IOMMU implementation	Platform
Intel VT-d	x86 Intel SoCs and Xeon
AMD-Vi (IOMMU)	x86 AMD Ryzen / EPYC
ARM SMMU v2/v3	ARM SoCs, Jetson Orin, server ARM

Security and Isolation¶

Without IOMMU: a device (or compromised driver) can issue DMA to any physical address, reading or corrupting arbitrary memory. With IOMMU: device can only DMA to explicitly mapped IOVAs; any access outside mapped windows causes an IOMMU fault (logged, device stalled or reset).

IOMMU Groups¶

An IOMMU group is a set of PCIe devices that share the same IOMMU translation hardware, meaning their memory accesses are managed together and cannot be separated at the IOMMU level. As a result, all devices in the same group must be treated as a unit when configuring access control—for example, when assigning devices to userspace (such as for passthrough to another software component or user process). It is not possible to give access to only one device in the group while restricting the others; access is always granted to the entire group together.

Kernel API¶

iommu_map(domain, iova, paddr, size, IOMMU_READ | IOMMU_WRITE);
iommu_unmap(domain, iova, size);

These low-level calls are typically used by framework code (DMA subsystem, VFIO). Driver authors use the higher-level dma_map_*() API, which handles IOMMU mapping automatically.

VFIO¶

VFIO (Virtual Function I/O) exposes IOMMU-backed device access to userspace without a kernel driver. Used by: DPDK (user-space NIC drivers), SPDK (user-space NVMe), FPGA userspace drivers, KVM GPU passthrough. The VFIO container maps groups to IOMMU domains and allows userspace DMA via /dev/vfio/N.

DMA-BUF Framework¶

With individual DMA APIs understood, the next challenge is sharing a single DMA buffer between multiple hardware engines — for example, a camera ISP, a GPU inference engine, and a display engine all processing the same frame. Copying the data between each stage would eliminate the bandwidth benefit of DMA entirely. DMA-BUF solves this.

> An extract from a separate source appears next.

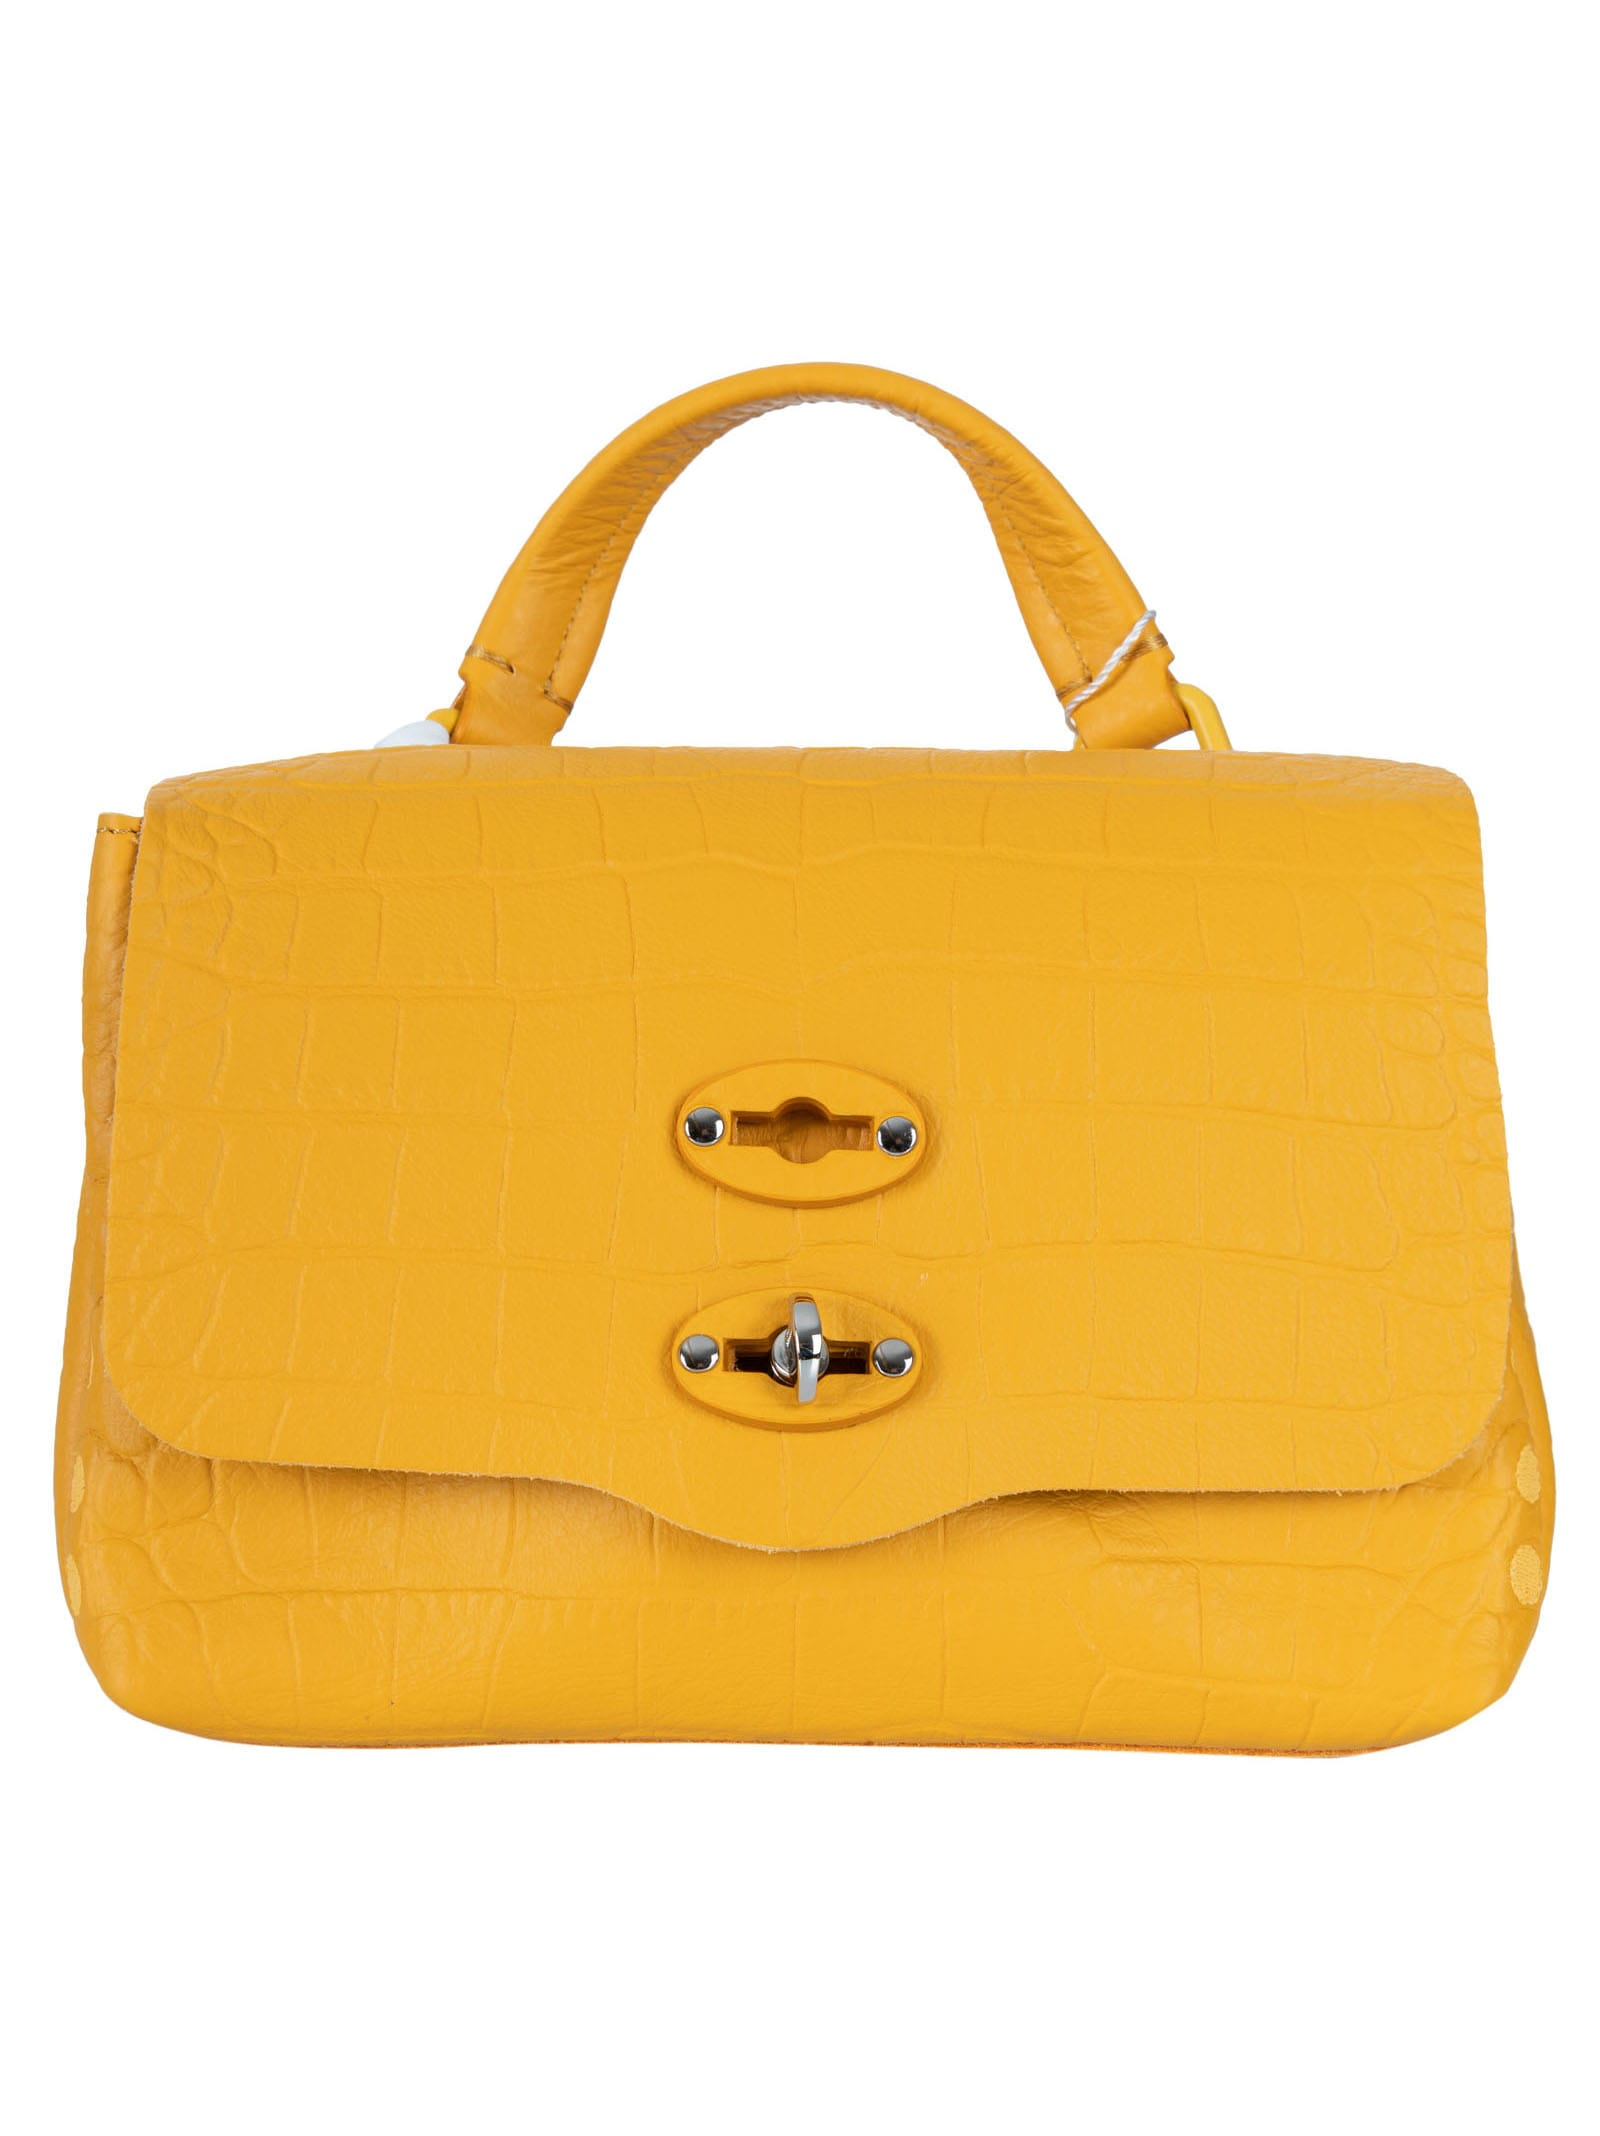 Zanellato Leathers BABY POSTINA SHOULDER BAG
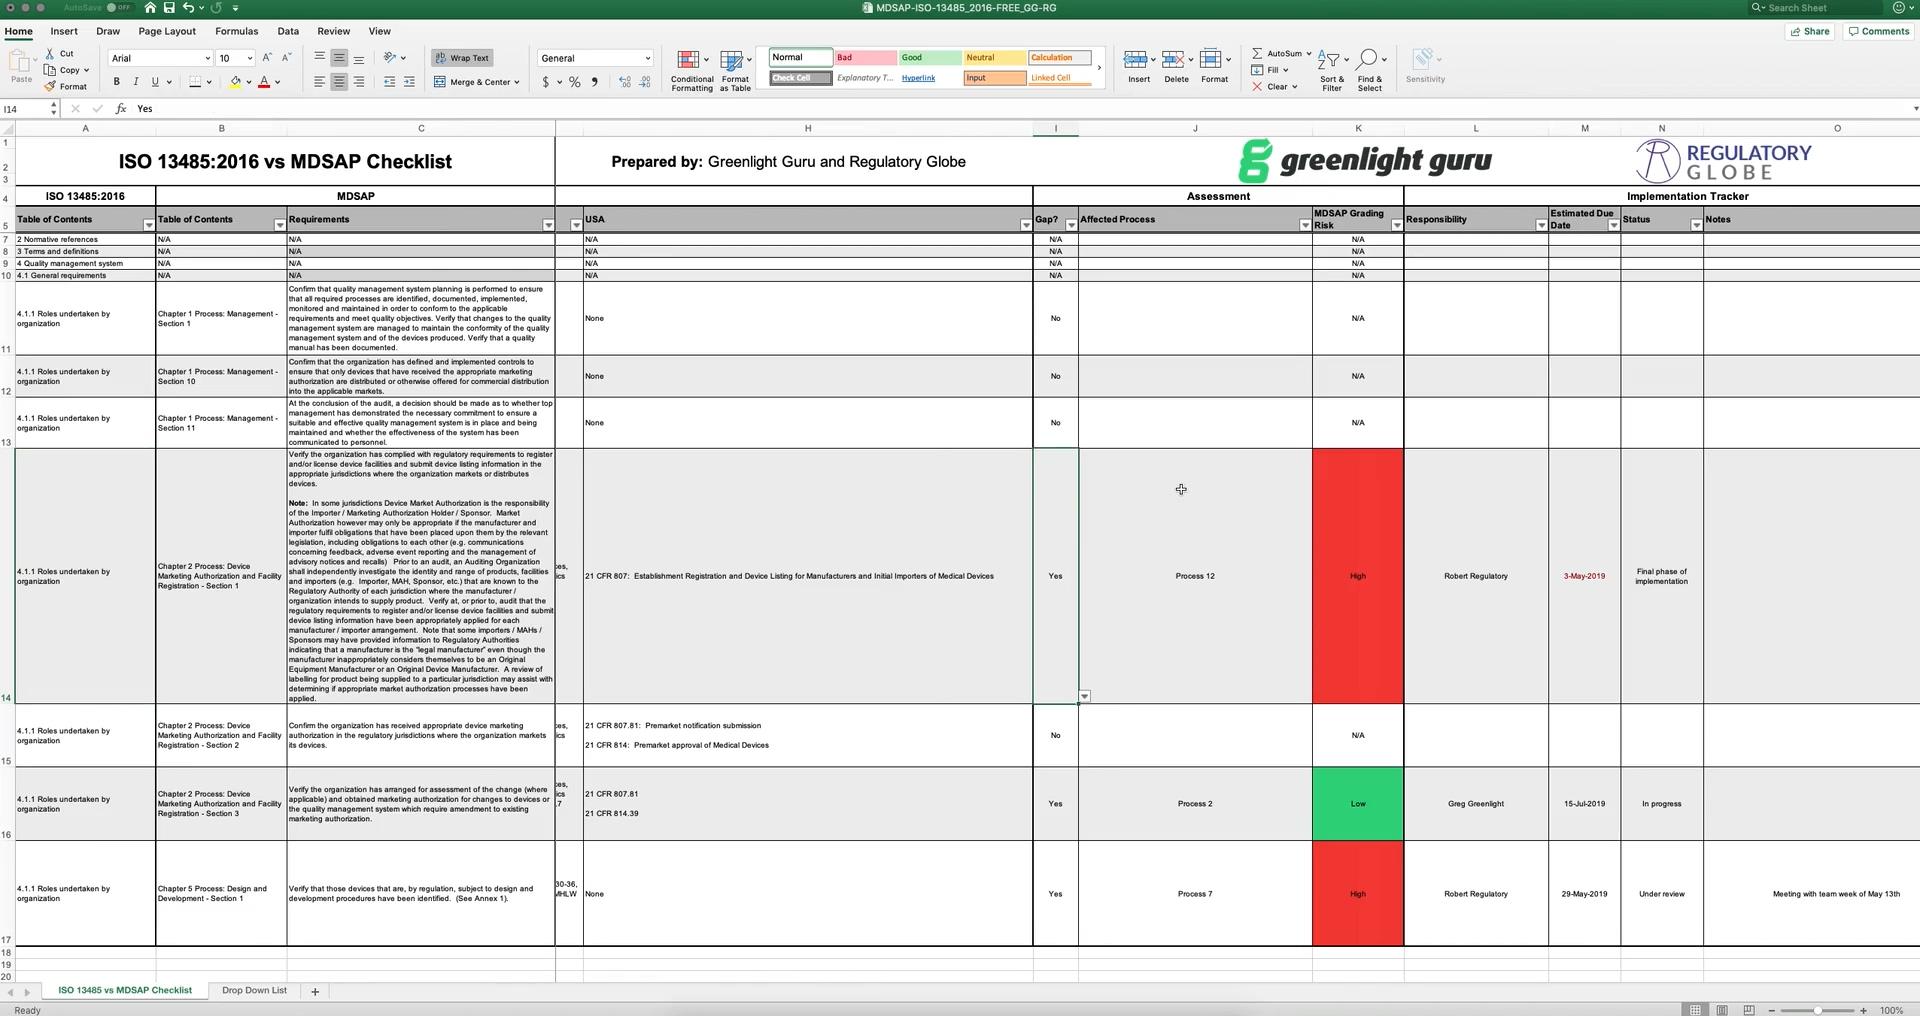 MDSAP vs. ISO 13485_2016 Gap Assessment Tool

DMA-BUF is a kernel abstraction for sharing DMA buffers between independent subsystems (CPU, GPU, camera ISP, video encoder, display engine) without copying.

Roles¶

Exporter: owns the buffer; allocates backing pages or device memory; implements struct dma_buf_ops (attach, map_attachment, unmap_attachment, mmap, release, vmap)
Importer: attaches to an exported buffer; maps it for its device's DMA engine

Lifecycle¶

/* Exporter */
struct dma_buf *buf = dma_buf_export(&exp_info);  /* create exportable buffer */
int fd = dma_buf_fd(buf, O_CLOEXEC);              /* get a file descriptor handle */
/* pass fd to importer process via Unix socket */

/* Importer */
struct dma_buf *buf = dma_buf_get(fd);            /* get reference from fd */
struct dma_buf_attachment *att = dma_buf_attach(buf, importer_dev);  /* attach device */
struct sg_table *sgt = dma_buf_map_attachment(att, DMA_FROM_DEVICE); /* get sg list */
/* sgt contains scatter-gather list with IOVAs for importer device */
dma_buf_unmap_attachment(att, sgt, DMA_FROM_DEVICE);
dma_buf_detach(buf, att);
dma_buf_put(buf);

The fd is a cross-process, cross-subsystem handle to the same physical buffer. Passing an fd via a Unix socket lets two separate processes share the same DMA buffer without any kernel copy.

Zero-Copy Pipeline¶

┌──────────────┐    DMA-BUF fd    ┌─────────────────┐   DMA-BUF fd   ┌──────────────────┐
│  V4L2 camera │ ───────────────> │  CUDA importer  │ ────────────>  │  Display engine  │
│  driver      │  (kernel buffer  │  (same physical │                │  (same physical  │
│  (exporter)  │   export as fd)  │   pages mapped  │                │   pages mapped   │
└──────────────┘                  │   into GPU VA)  │                │   for display)   │
                                  └─────────────────┘                └──────────────────┘
                    No CPU copy at any stage — same physical pages throughout

V4L2 camera driver → DMABUF fd → CUDA importer → inference kernel → display

No CPU copy at any stage. The fd is passable between processes via SCM_RIGHTS on a Unix socket, enabling cross-process zero-copy. Synchronization between producers and consumers uses the DMA fence framework (dma_fence_wait()).

V4L2 Integration¶

V4L2 supports DMA-BUF as a memory type (V4L2_MEMORY_DMABUF). Userspace passes the DMA-BUF fd in struct v4l2_buffer.m.fd. The ISP driver maps the buffer for its DMA engine automatically on VIDIOC_QBUF.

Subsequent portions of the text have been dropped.